After each hour closes, the module chooses model update mode.

Update event semantics:

  • training_fit: initial benign baseline fit while trained_hours < training_hours; uses training fit method (Welford-style), not EWMA alpha.

  • baseline_update: normal post-training adaptation; uses EWMA with baseline_alpha. In ADWIN mode, this is used when ADWIN does not signal drift.

  • drift_update: post-training drift adaptation; uses EWMA with drift_alpha. In ADWIN mode, this is used only after ADWIN drift signal and small/drift-like classification.

  • suspicious_update: post-training conservative adaptation; uses EWMA with suspicious_alpha. In ADWIN mode, this is used only after ADWIN drift signal and suspicious classification.

When use_adwin_drift=false:

  1. training_fit
    During benign training: Welford fit (no EWMA alpha).

  2. drift_update
    If anomaly score is small (hourly_score <= adaptation_score_threshold) and flow anomaly count is small (<= max_small_flow_anomalies), update with drift_alpha.

  3. suspicious_update
    Otherwise update with suspicious_alpha (much smaller), to limit poisoning.

For normal non-anomalous periods outside training, per-feature EWMA uses baseline_alpha.

ADWIN drift trigger (use_adwin_drift=true)

If use_adwin_drift=true and river is installed, ADWIN is the only drift trigger in both paths:

  • Hourly path: ADWIN receives each raw hourly feature stream.

  • Flow path: ADWIN receives each raw per-flow signal stream.

  • ADWIN drift detected -> classify as drift_update or suspicious_update using existing thresholds.

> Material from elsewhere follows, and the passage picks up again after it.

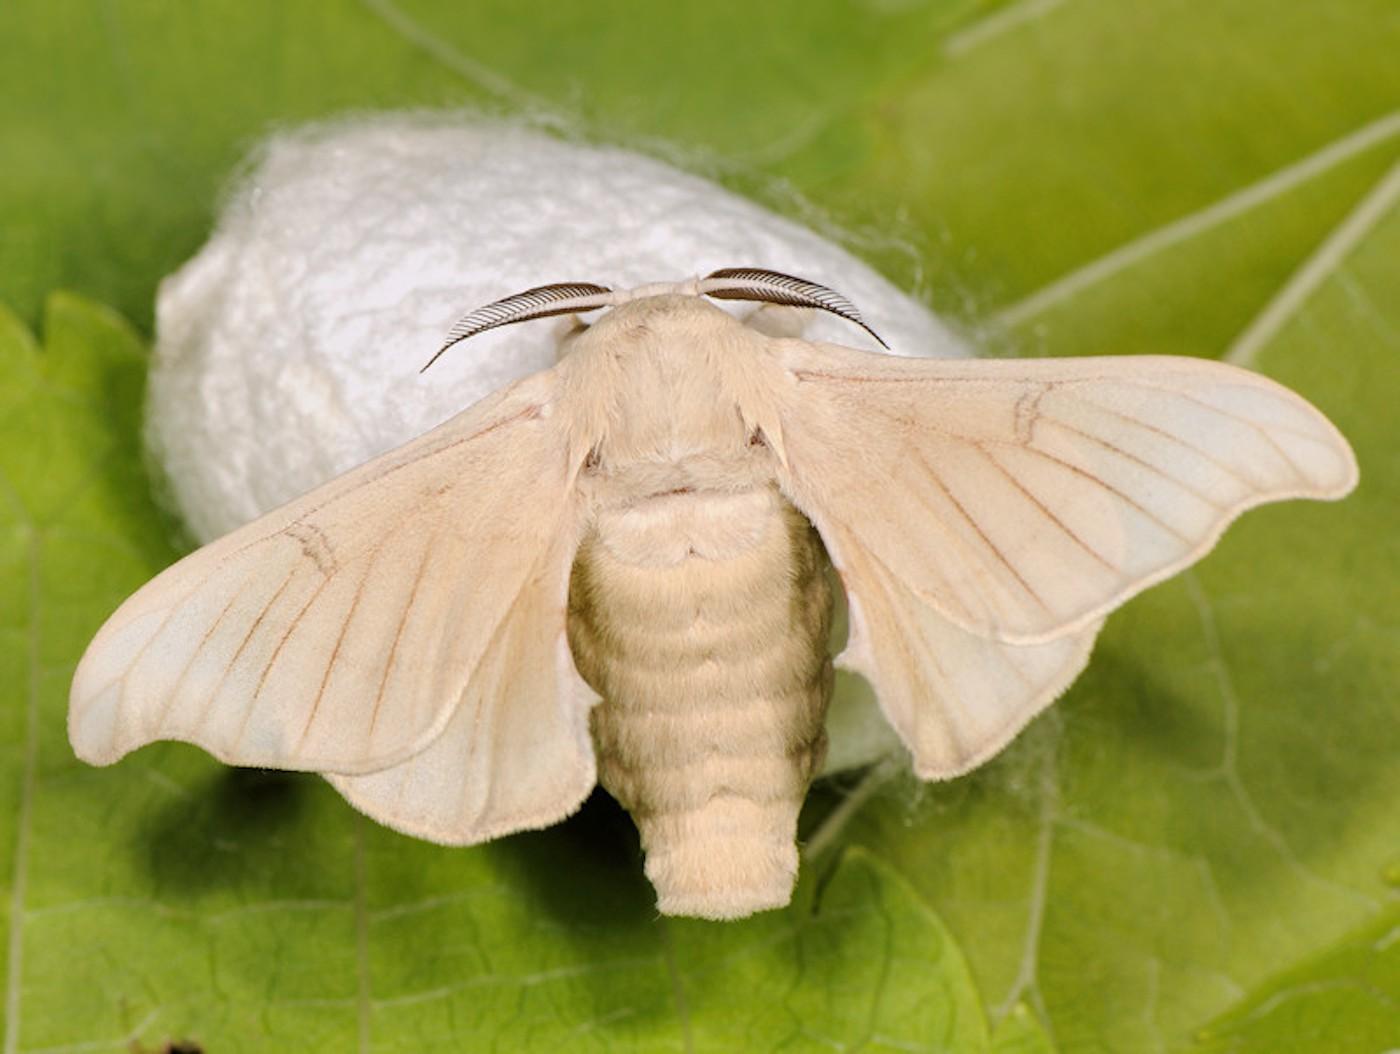 Родной брат одомашненного шелкопряда, встречается очень редко.

  • No ADWIN drift -> use baseline_update (baseline_alpha), even if anomalies exist.

  • During benign training, ADWIN is still warmed with benign scores to reduce cold-start noise after training.

Why raw signals:

  • drift is a distribution change in the observed variables, so ADWIN tracks the raw feature streams directly,

  • z-scores are still used for anomaly magnitude and evidence reasons, but not as the primary drift input.

Performance note:

  • hourly ADWIN cost scales with hourly feature count,

  • flow ADWIN cost scales with per-flow signal count,

  • both are constant-time scalar updates and usually lightweight.

Current tuned defaults for faster ADWIN reaction:

  • adwin_delta: 0.01

  • adwin_clock: 1

  • adwin_grace_period: 5

  • adwin_min_window_length: 5

New server vs JA3 behavior

  • new_servers is modeled as an hourly statistical feature and adapted over time.

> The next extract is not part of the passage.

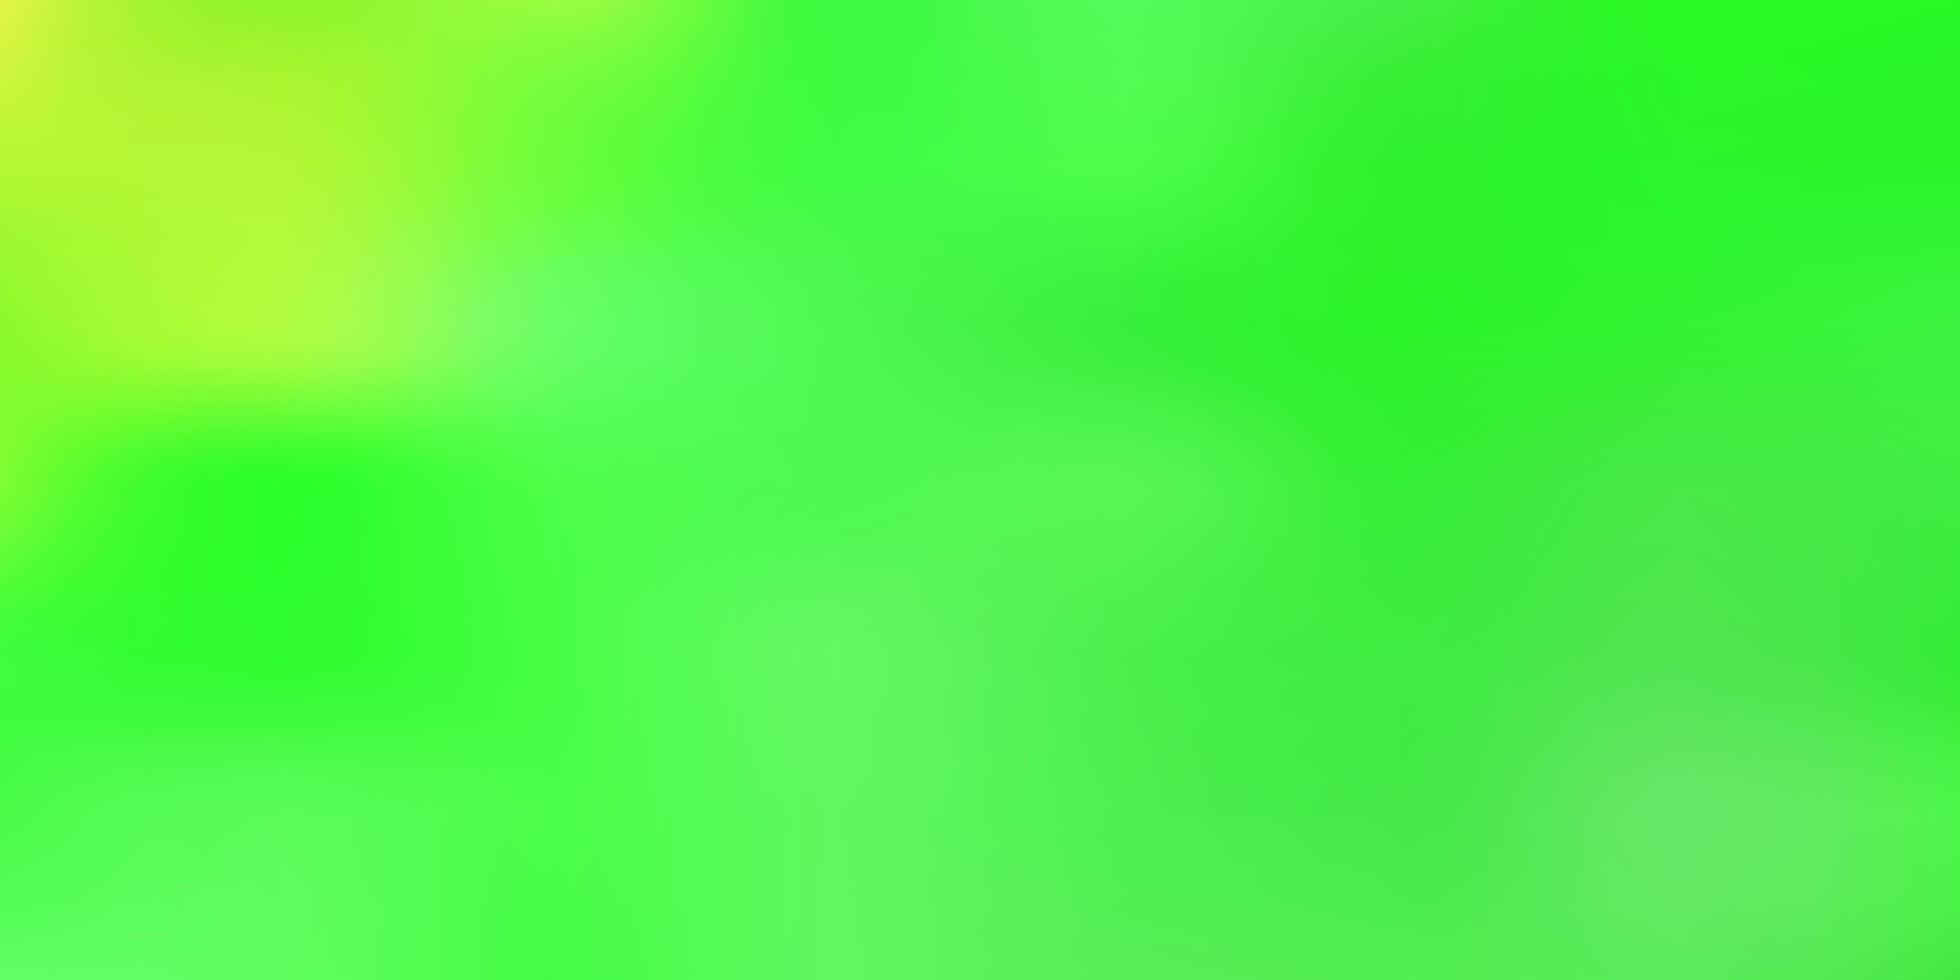 grünes Farbverlaufsunschärfemuster. vektor

  • new_server can also appear as a direct flow-level novelty reason.

  • ja3_changes is handled statistically at hourly level (with fallback gate only when training is zero).

  • new_ja3s can appear as direct flow-level novelty reason.

Confidence and threat level

Each detection computes confidence score [0,1] from multiple factors:

  • anomaly severity,

  • persistence in recent history,

  • baseline quality,

  • multi-signal agreement.

Mapped levels:

  • low / medium / high confidence

Threat level used in evidence:

  • low for low or medium confidence

  • medium for high confidence

Evidence format

Evidence description is human-readable and concise:

HTTPS anomaly: type=<type>; confidence=<level> (<score>); reason=<reason>; value=<value>; why=<explanation>.

Examples of reasons:

  • New Server

  • New JA3S

  • Bytes to Known Server

  • Hourly feature deviations (e.g., New Servers Count, JA3 Changes)

Configuration keys

Section: anomaly_detection_https in config/slips.yaml.

Main keys:

  • training_hours

  • training_fit_method

  • training_alpha

  • hourly_zscore_threshold

  • flow_zscore_threshold

  • adaptation_score_threshold

  • baseline_alpha

  • drift_alpha

  • suspicious_alpha

  • min_baseline_points

  • max_small_flow_anomalies

  • ja3_min_variants_per_server

  • use_adwin_drift

  • adwin_delta

  • adwin_clock

  • adwin_grace_period

  • adwin_min_window_length

  • empirical_threshold_quantile

  • log_verbosity

Defaults (from parser/config):

  • training_alpha: 1.0

  • training_fit_method: welford

  • use_adwin_drift: true

  • adwin_delta: 0.01

  • adwin_clock: 1

  • adwin_grace_period: 5

  • adwin_min_window_length: 5

Reference:

Operational logs

The module logs key events such as:

  • flow arrivals,

  • hour close and computed features,

  • training fit updates,

  • drift updates,

  • suspicious updates,

  • detections and emitted evidence.